Zur Überprüfung der Reinigungs- und Desinfektionsmaßnahmen in der Tierklinik können folgende Kontrollen im Abstand von 6 Monaten (2x jährlich) durchgeführt werden:
- Die Kontrolle der Heißluftsterilisatoren bzw. Dampfsterilisatoren (Autoklav) mittels Bioindikatoren.
Die Leistung des Sterilisators wird anhand von 5 Bioindikatoren überprüft. Dabei ist es wichtig die Bioindikatoren im Sterilisator an verschiedenen Stellen so zu platzieren, dass möglichst eine repräsentative Überprüfung des Gerätes möglich ist. Wird die Leistung des Sterilisators bei zwei Überprüfungen nicht beanstandet, kann eine Zertifikat über die erfolgreiche Überprüfung der Sterilisation ausgestellt werden. - Die Kontrolle der Endoskopdesinfektion: Die Kontrolle der Endoskopdesinfektion sollte besonders Beachtung finden, da das Endoskop eine mögliche Eintrittspforte für nosokomiale Infektionen darstellen kann. Die Überprüfung erfolgt anhand von Spülprobe aus dem distalen Spülkanal sowie des Luft-Wasser-Kanals.
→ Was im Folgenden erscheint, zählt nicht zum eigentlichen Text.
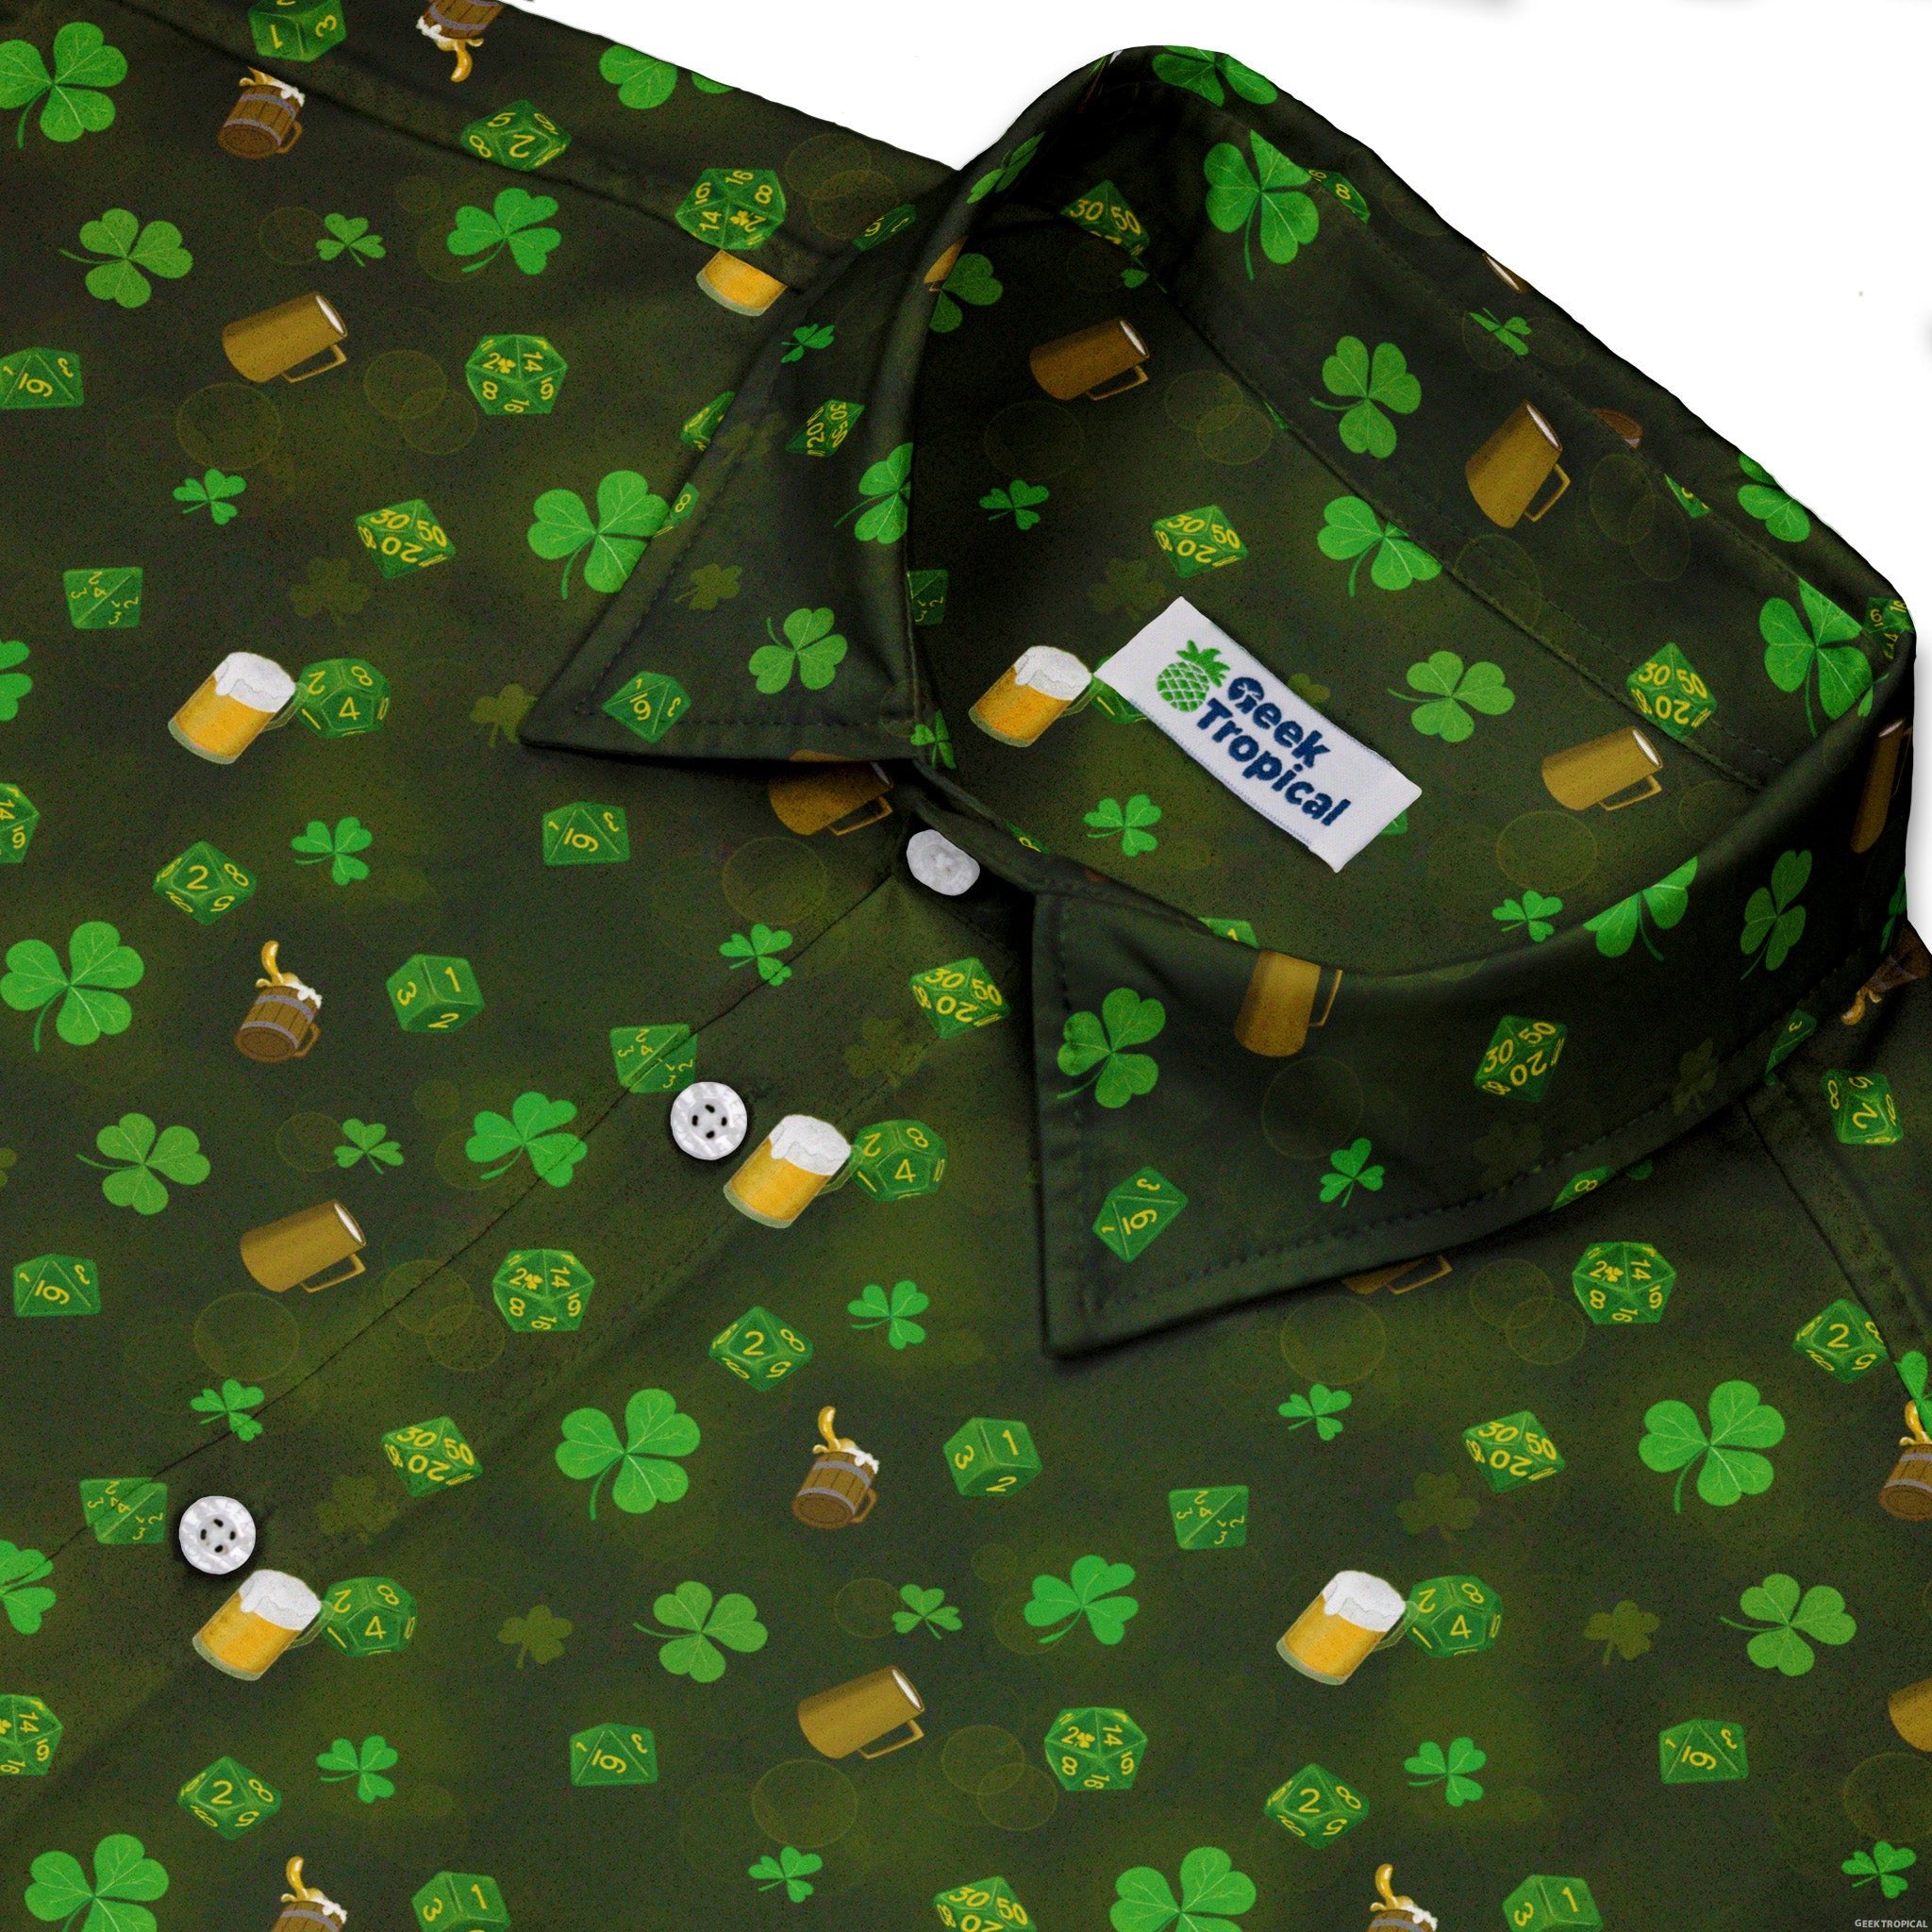 St. Patrick's Day DND Dice Button Up Shirt - adult sizing - Designs by Nathan - dnd & rpg print

Zusätzlich werden Abklatschproben vom distalen Ende des Endoskops und vom Luft-Wasser-Kanal entnommen.
- Die Kontrolle der Reinigungs- und Desinfektionsmaßnahmen von verschiedenen Oberflächen: Dabei werden wie üblich die zu beprobenden Oberflächen gereinigt und desinfiziert. Anschließend erfolgt die Beprobung der Oberflächen mittels Abklatschplatten. Auch für die Überprüfung der Reinigungs- und Desinfektionsmaßnahmen kann auf Wunsch ein Zertifikat erstellt werden.
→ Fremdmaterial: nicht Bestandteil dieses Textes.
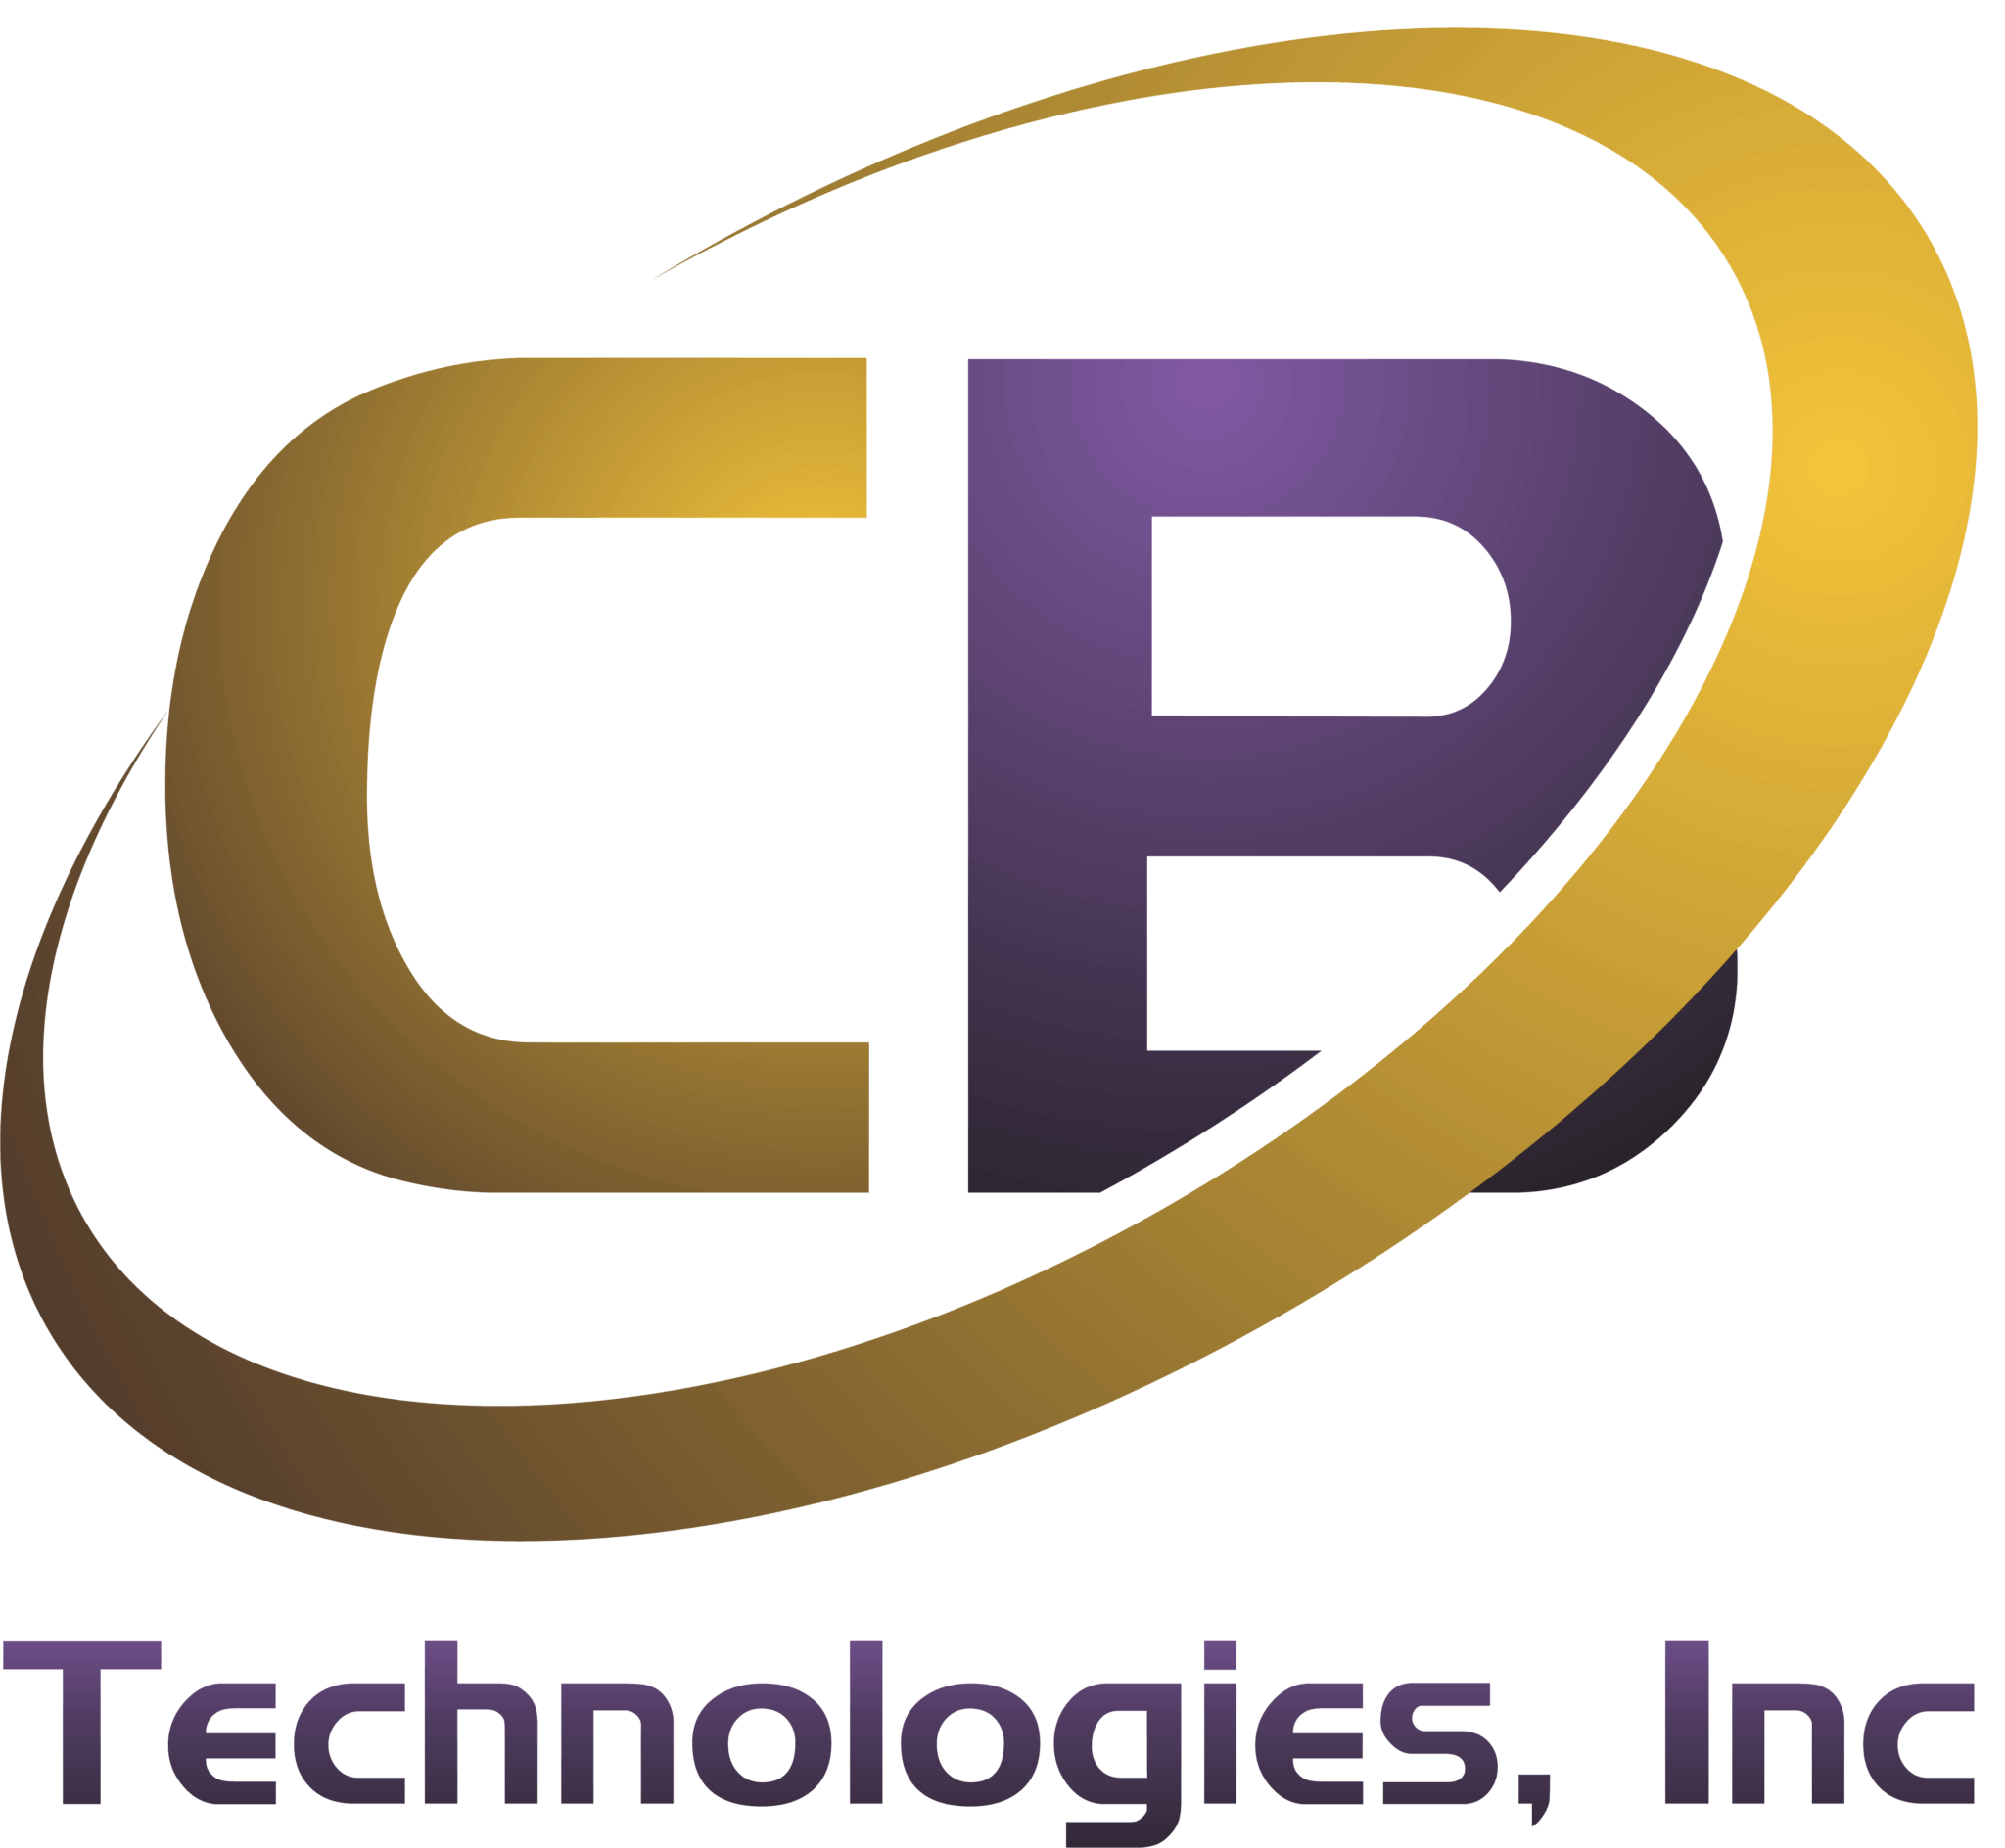 CB Logo - CB Technologies - Delivering Technology with a Human Touch

Mögliche zu beprobende Oberflächen sind:
– OP- oder Behandlungstische
– OP-Lampengriff
– Tastatur
– Türgriff u. ä. - Kontrolle der Desinfektionsleistung von Instrumentenspülmaschinen
Sofern diese Geräte in der Veterinärmedizin zum Einsatz kommen, ist eine Überprüfung der Desinfektionsleistung möglich.
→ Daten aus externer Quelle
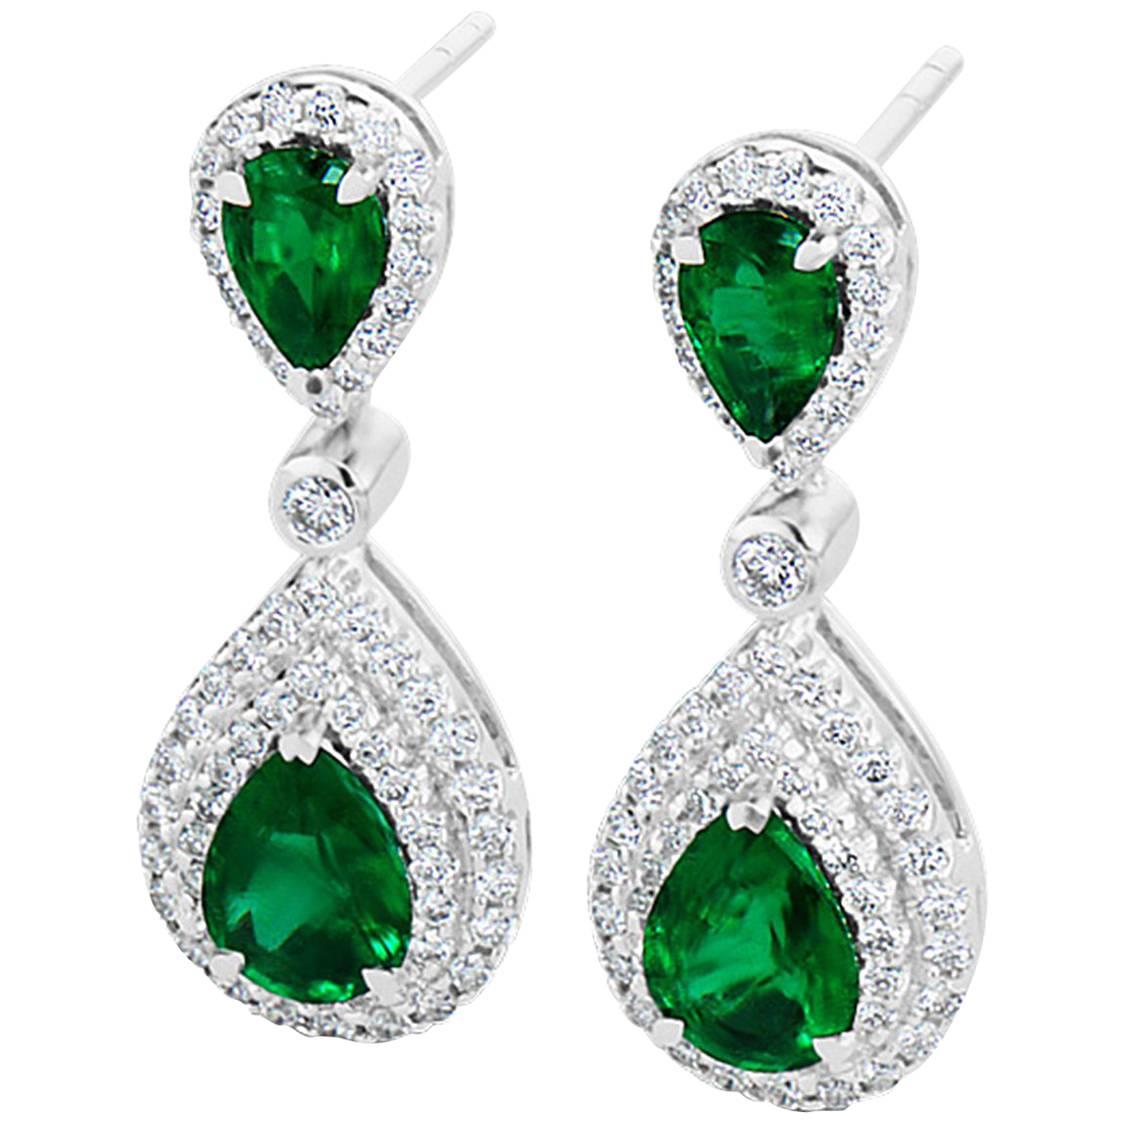 2.04 Carat Total Emerald and Diamond 18K White Gold Earrings For Sale

Möchten Sie die Reinigungs- und Desinfektionsmaßnahmen in Ihrer Tierarztpraxis überprüfen, so können Sie alle hierfür notwendigen Materialien, zusammen mit einer detaillierten Anwendungsbeschreibung, über uns bestellen. Wir informieren Sie auch gerne telefonisch über den jeweiligen Untersuchungsgang.
EIN TIPP, bei Kontrollen in Ihrer Tierarztpraxis sollte:
- Hygieneplan in Kurzform aushängen
- Alle Gefahrenstoffe in einem Verzeichnis dokumentiert sein
- Vorhandene Sicherheitsdatenblätter abgeheftet werden
- Betriebsanweisungen aushängen
- Mitarbeiterunterweisung dokumentiert sein
- Gefährdungsbeurteilung erstellt werden
- Entsprechende Vordrucke und Formulare können Sie auch bei der BGW anfordern.